% \VignetteIndexEntry{SAGElyzer}
% \VignetteDepends{tkWidgets, annotate}
% \VignetteKeywords{Expression Analysis}
% \VignettePackage{SAGElyzer}

\newcommand{\Robject}[1]{{\texttt{#1}}}
\newcommand{\Rfunction}[1]{{\texttt{#1}}}
\newcommand{\Rpackage}[1]{{\textit{#1}}}

\documentclass[12pt]{article}
\usepackage{hyperref}
\usepackage{graphicx}

\textwidth=6.2in
\textheight=8.5in
%\parskip=.3cm
\oddsidemargin=.1in
\evensidemargin=.1in
\headheight=-.3in


\begin{document}
\author{Jianhua Zhang}

\title{An introduction to SAGElyzer}

\maketitle

\copyright{2003 Bioconductor}

\section{Introduction}

\Rpackage{SAGElyzer} is a system for SAGE data management, analysis,
and annotation built upon interfaces built using R tcltk. The
functionalities are never complete but can be expanded easily when
needed. At the time of this release (1.3.0), \Rpackage{SAGElyzer}
allows users to manage data from SAGE libraries, analyze data, and
annotate SAGE tags identified by the analysis.

As SAGE libraries are potentially large, a database is required to
support data storage and retrieval.
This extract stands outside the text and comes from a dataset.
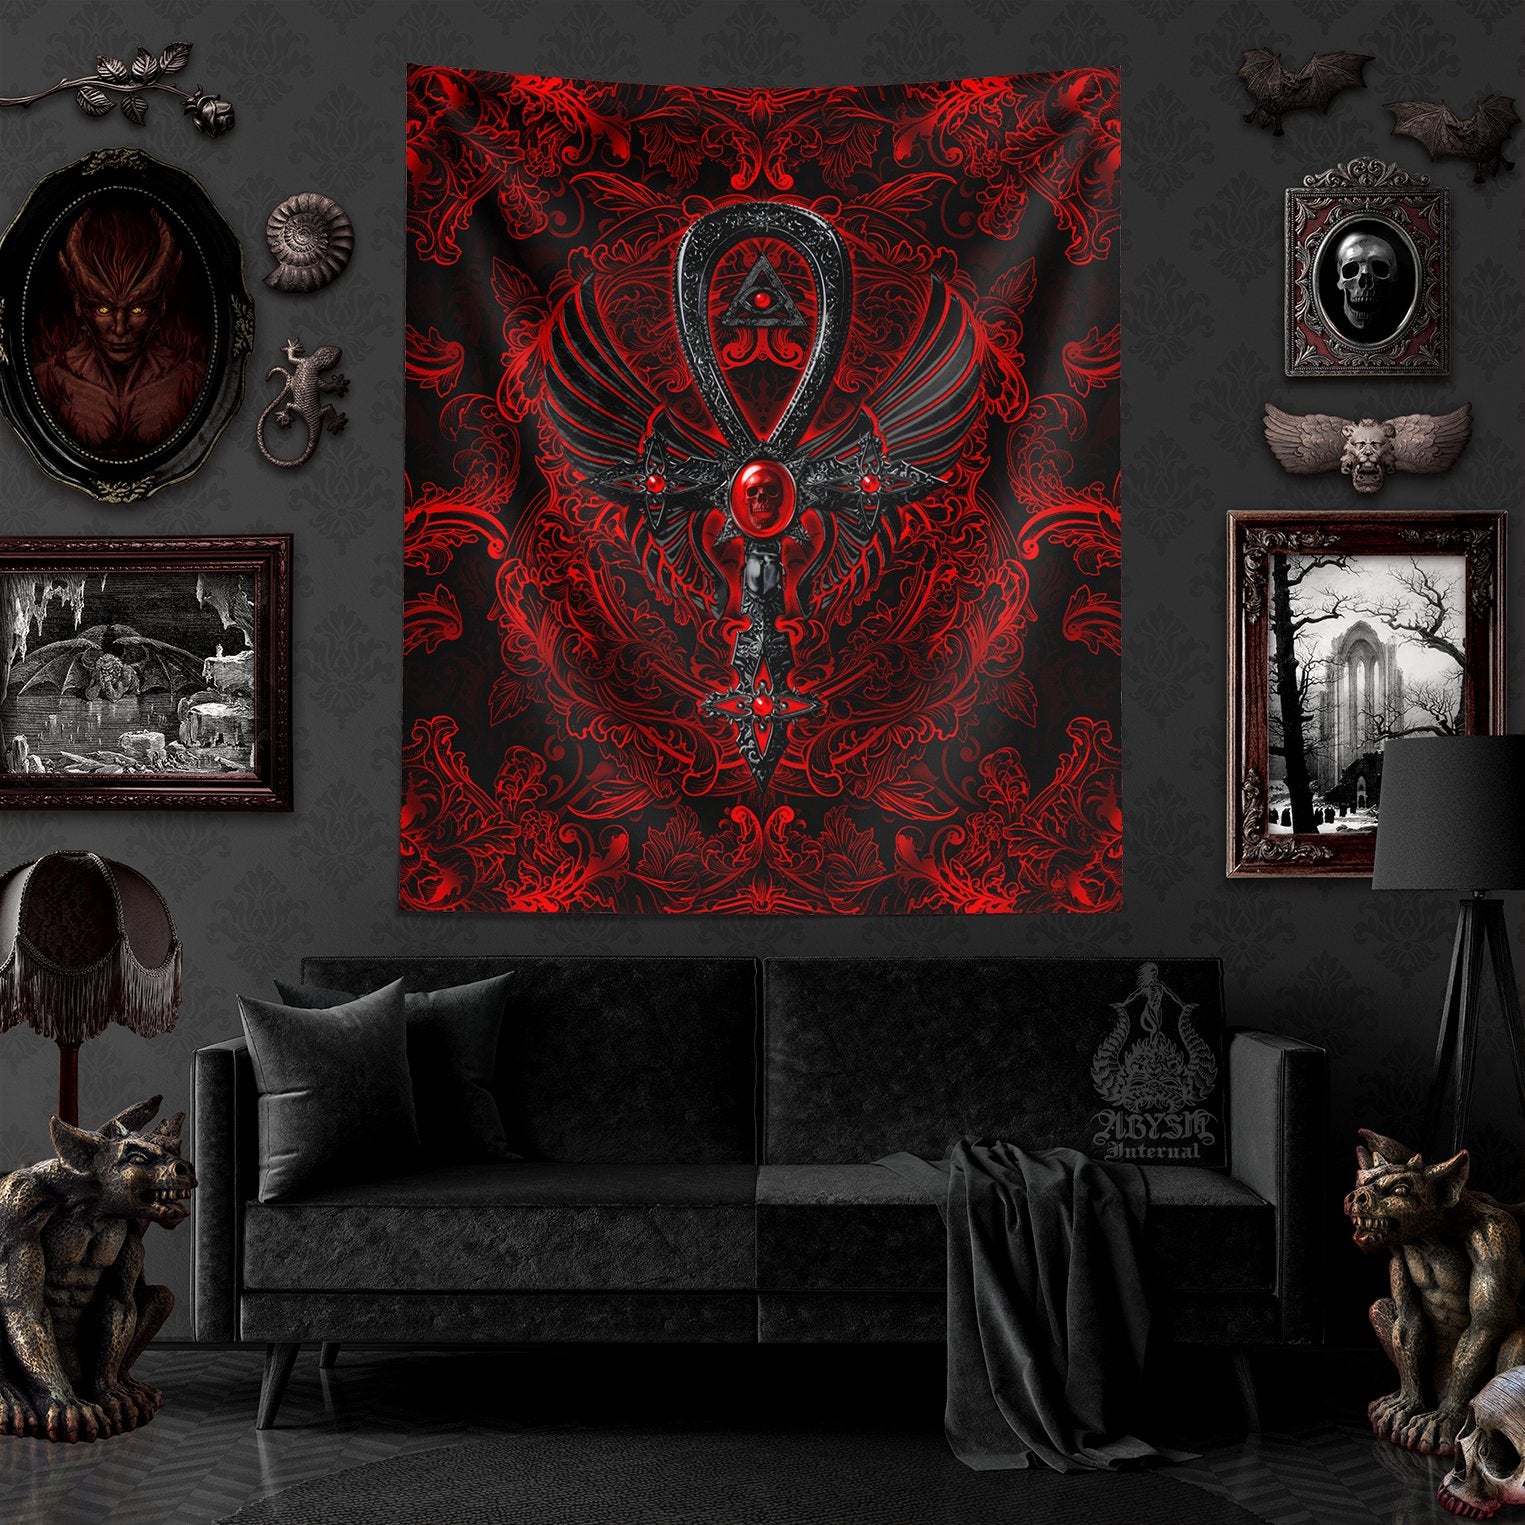 Gothic Cross Tapestry, Goth Wall Hanging, Occult Home Decor, Vertical Art Print - Dark Red & Black Ankh - Abysm Internal

The current version of
\Rpackage{SAGElyse} has been tested against a PostgreSQL database
under both Windows and Unix. However, \Rpackage{SAGElyzer} is supposed
to work together with any database management system as long as a
connection to the database can be made.

\section{Setting up a database}

When database management system has been chosen, read the manual or tutorials
in the Intenet for setting up the database. For a PostgreSQL database on
linux, readers are referred to \url{
  http://techrepublic.com.com/5100-6261-1054332.html} for the
procedures involved to set up a database.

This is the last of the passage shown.